A number of studies have reported BR biosynthesis and signal transduction mutants in Arabidopsis. For example, det2 (Li et al., 1996; Noguchi et al., 1999b), cpd (Szekeres et al., 1996), dwf4 (Choe et al., 1998), dwf1/dim (Klahre et al., 1998; Choe et al., 1999a), ste1/dwf7 (Choe et al., 1999b), sax1 (Ephritikhine et al., 1999), dwf5 (Choe et al., 2000), fackel (Jang et al., 2000; Schrick et al., 2000), and bri1 (Clouse et al., 1996; Li and Chory, 1997). From the analysis of these mutants, we identified BL, castasterone (CS), typhasterol (TY), teasterone (TE), 6-deoxocastasterone (6-DeoxoCS), 6-deoxotyphasterol (6-DeoxoTY), 6-deoxoteasterone (6-DeoxoTE), and 6-deoxocathasterone (6-DeoxoCT) as endogenous BRs in various Arabidopsis tissues, such as shoots, siliques, and seeds (Fujioka et al., 1996, 1998; Noguchi et al., 1999a, 2000). All BRs identified in Arabidopsis are important components of either the early or late C-6-oxidation pathways, indicating that both pathways are functional in this species. We studied the metabolism of deuterium-labeled BR intermediates in Arabidopsis very recently and demonstrated the operation of the biosynthetic sequence: campestanol (CN) → 6-DeoxoCT → 6-DeoxoTE → 3-dehydro-6-deoxoteasterone (6-Deoxo3DT) → 6-DeoxoTY → 6-DeoxoCS → 6α-hydroxyCS (6-OHCS) → CS → BL (Noguchi et al., 2000). We also showed the operation of the biosynthetic sequence: TE → 3-dehydroteasterone (3DT) → TY → CS → BL. These studies established that the previously determined biosynthetic pathway is also present in Arabidopsis.

The tomato Dwarf gene was isolated by transposon tagging (Bishop et al., 1996) and shown to encode a cytochrome P450 enzyme that converts 6-DeoxoCS to CS via 6-OHCS, a step where the early C-6 oxidation and the late C-6 oxidation pathways are connected (Bishop et al., 1999). This step is the furthest downstream step in BL biosynthesis among those known for mutations and enzymes. A defect in the Dwarf gene results in deficiency of CS and causes dwarfism with stem elongation and leaf expansion being suppressed (Bishop et al., 1996; Bishop et al., 1999). These studies demonstrated that 6-deoxo BRs exhibit very weak biological activity and it remains to be determined whether any or all of the 6-oxo BRs, e.g. TE, 3DT, TY, or CS, are active per se or become active after being converted to BL. Therefore, it is physiologically important to understand the biosynthesis of 6-oxo BRs including BL with the C-6 oxidation step potentially being one of the key regulatory steps in BR biosynthesis. Furthermore, intermediates of the late C-6 oxidation pathway are predominant over those of the early C-6 oxidation pathway in many species including Arabidopsis, tomato, and pea (Choi et al., 1997; Yokota et al., 1997; Bishop et al., 1999; Noguchi et al., 1999a; Koka et al., 2000; Nomura et al., 2000).

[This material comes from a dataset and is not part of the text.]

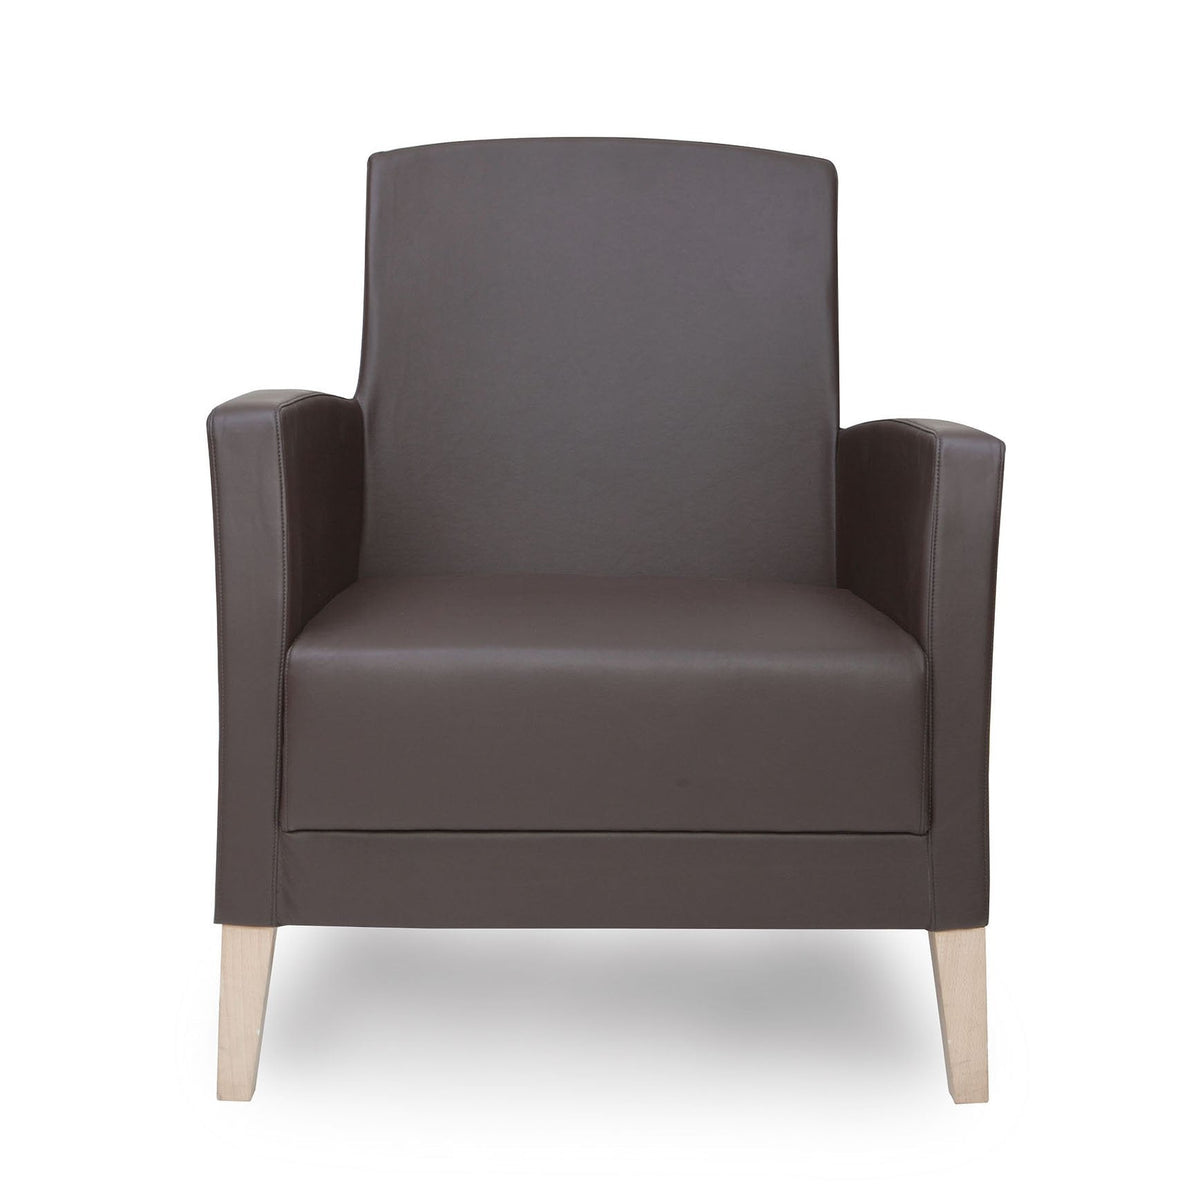 Fandango 78-62/1 Lounge Chair-Piaval-Contract Furniture Store

Especially high accumulation of 6-DeoxoCS has often been recorded for many plants, suggesting that the C-6 oxidation is a rate-limiting step. Such regulation seems to be cancelled in BR-insensitive mutants because CS accumulates at aberrant levels in pea lka (Nomura et al., 1997, 1999) and tomato curl-3 (T. Nomura, T. Yokota, and G.J. Bishop, unpublished data). In Arabidopsis, both CS and BL accumulate in the bri1 mutant (Noguchi et al., 1999a), indicating that C-6 oxidation is controlled by a feedback mechanism in steady-state conditions of wild-type plants. It is interesting that in tomato, the presence of BL has not been demonstrated, suggesting that CS is a biologically active BR. Therefore, the Dwarf enzyme may be a key enzyme governing the physiological role of BRs in tomato.

Dwarf enzyme functionally expressed in yeast cells can convert 6-DeoxoCS to CS but cannot oxidize CN to 6-oxocampestanol (6-oxoCN; Bishop et al., 1999). However, there is no information on whether the Dwarf enzyme catalyzes the conversion of other intermediates of the late C-6 oxidation pathway. Arabidopsis seedlings recently were found to oxidize the C-6 of both 6-DeoxoTY and 6-DeoxoCS (Noguchi et al., 2000). This finding has raised a question: In Arabidopsis, is such C-6 oxidation regulated by a single Dwarf ortholog or by multiple genes? In the present work, we report the isolation of a Dwarf gene ortholog termed AtBR6ox from Arabidopsis and the functional analysis of both AtBR6ox and Dwarf.

RESULTS

Cloning of an Arabidopsis Homologue for the Tomato Dwarf Gene

Databases were searched for homologs of the tomato Dwarf gene (Bishop et al., 1996) and three expressed sequence tag (EST) clones were found to have the highest sequence similarities; they are F5F3, 224F7, and 313B11 (the respective GenBank/EMBL/DNA Data Bank of Japan [DDBJ] accession nos. are AA713019, N65267, and AA394869). Based on partial DNA sequencing and restriction mapping, it was found that the clones corresponded to the same gene, but only F5F3 had sufficient length to contain the full-length cDNA (data not shown). When the entire nucleotide sequence of the cDNA insert of F5F3 was determined and compared with the Dwarf gene, it was apparent that the first intron remained un-spliced with the consensus splice sites at the putative exon-intron boundaries in the cDNA. Therefore, we re-isolated cDNA clones by reverse transcriptase (RT)-PCR. The isolated clones contained the same open reading frame (ORF) sequence, except that each of these clones had base substitutions in independent positions that are likely to be derived from PCR errors (data not shown).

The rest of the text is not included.